In a heartbeat they clicked into a new pattern—not bouncing as they landed, but catching one another to build two pyramids of five lupi each, three on the ground, two on their shoulders. The pyramids kept one man aloft like a living projectile, tossing him between them. Cullen.

He’d land on one set of shoulders, crouch, and be hurled to the other side, his body tucked up like a ball, righting himself at the last second to land on the opposite pyramid, still crouched—and be flung back.

Two times. Three. Four—and then both pyramids dissolved while he was in the air, those who’d formed them melting away into the crowd.

One man stood where five had been. Benedict. He watched, unmoving, as Cullen shot at him like a cannonball. Benedict dipped his knees slightly as he stretched up one hand.

It couldn’t have happened the way it looked. Because it looked like he dribbled Cullen—as if the curled-up ball of the man smacked into Benedict’s hand and bounced to the ground, then up into the air again, unfurling into a man only then to land lightly beside Benedict—sweaty, panting, grinning like a madman.

“And that, younglings,” Benedict said lazily, “is how the dance is supposed to be done.”

The crowd exploded—applauding, yelling. Lily heard someone call out, “Piers—for Lady’s sake!” and someone behind her was saying over and over, “Get back, get back. Give him some space.”

It was the name—Piers—that got her attention. Wasn’t that the young lupus Rule had mentioned who’d just been allowed to leave terra tradis, where young lupi were sequestered? If so, he was only eighteen, not an official adult yet. She turned, trying to see over or through people.

What she saw was Rule slipping through the crowd. She followed. He stopped and held out his arm. She stepped into that welcoming circle. He was warm and sweaty from the dance.

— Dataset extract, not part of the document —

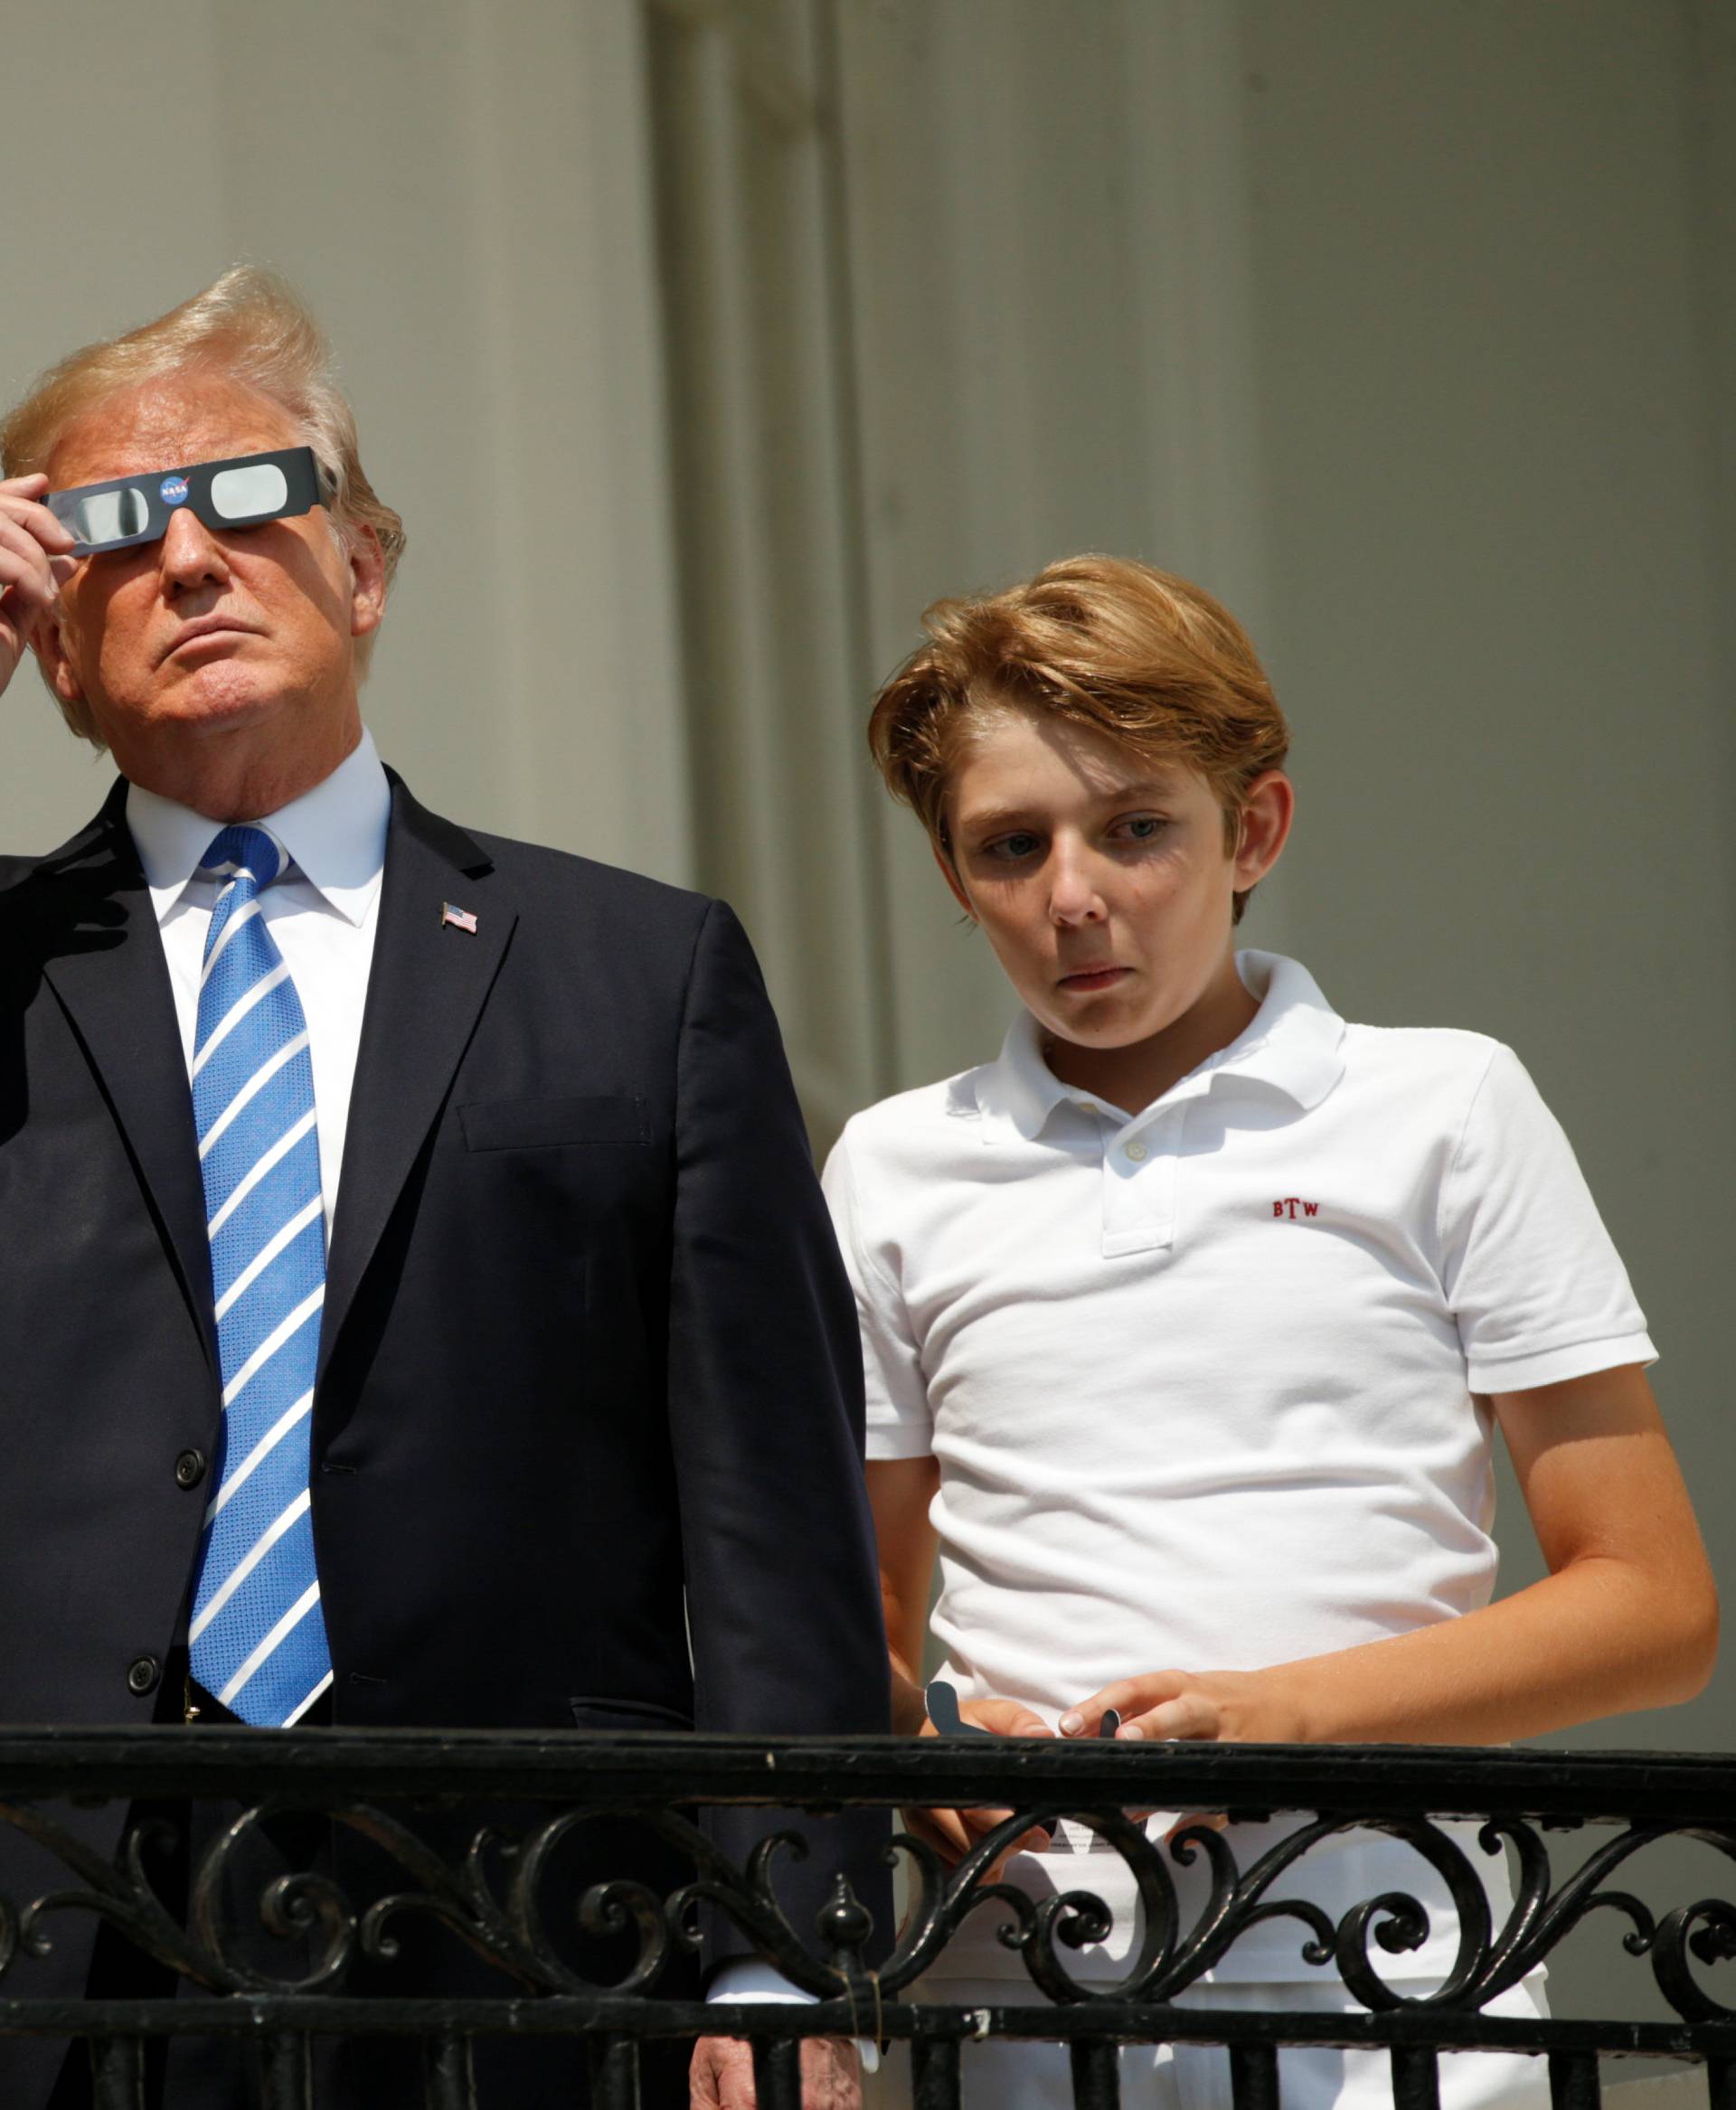 U.S. President Trump watches the solar eclipse with first Lady Melania Trump and son Barron from the Truman Balcony at the White House in Washington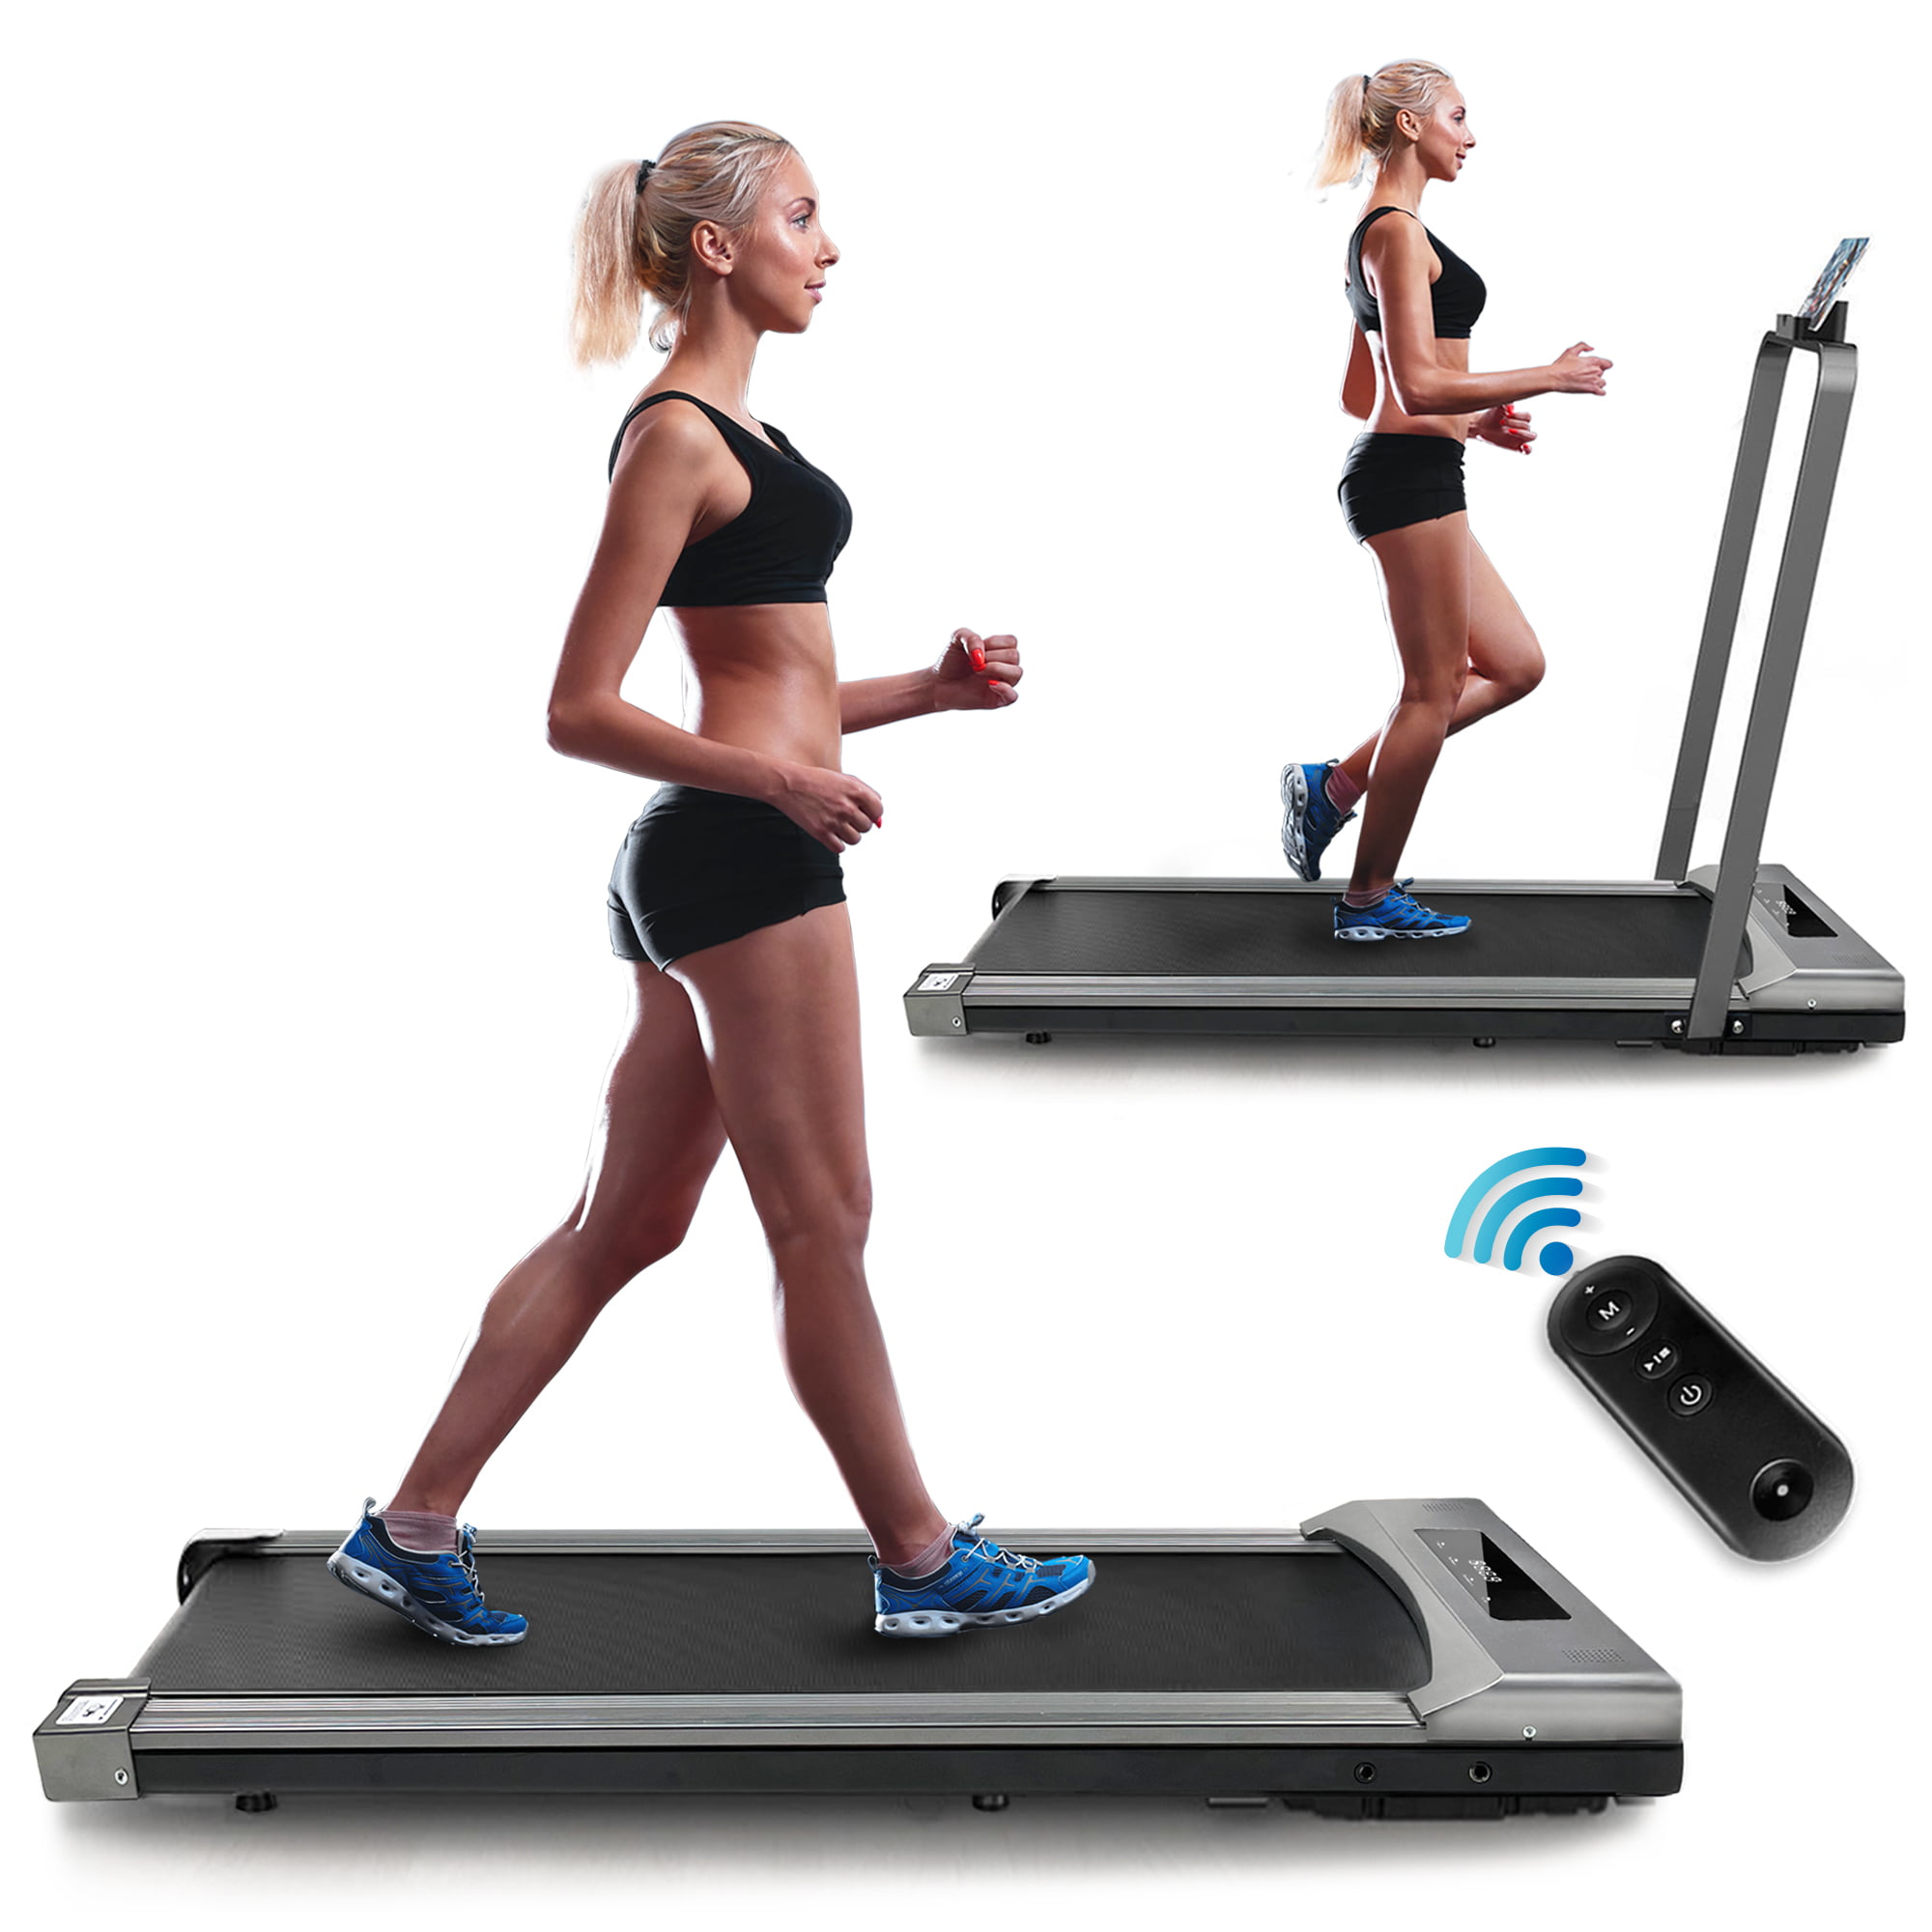 FUNMILY Treadmill for Home 265 LBS Weight Folding Treadmills with Desk and Bluetooth Speaker Portable Electric Treadmill Machine for Running Walking Jogging Workout

Another circle had formed, she realized—a circle of men around a panting, excited wolf with a brindle coat. One man was laughing. Another grinned and shook his head. Another sighed.

Lily was the only female in the circle. The only human. There were no children nearby, either. The wolf was surrounded only by other lupi . . . and her.

Piers must have gotten so excited that he lost control and Changed. For an adolescent, that was a huge no-no—because he might lose control in other ways, too. Lily was contemplating the wisdom of stepping back when Isen strode up to the wolf. He stopped, hands on hips, and shook his head. “Piers,” he said. Just that, but with such disappointment.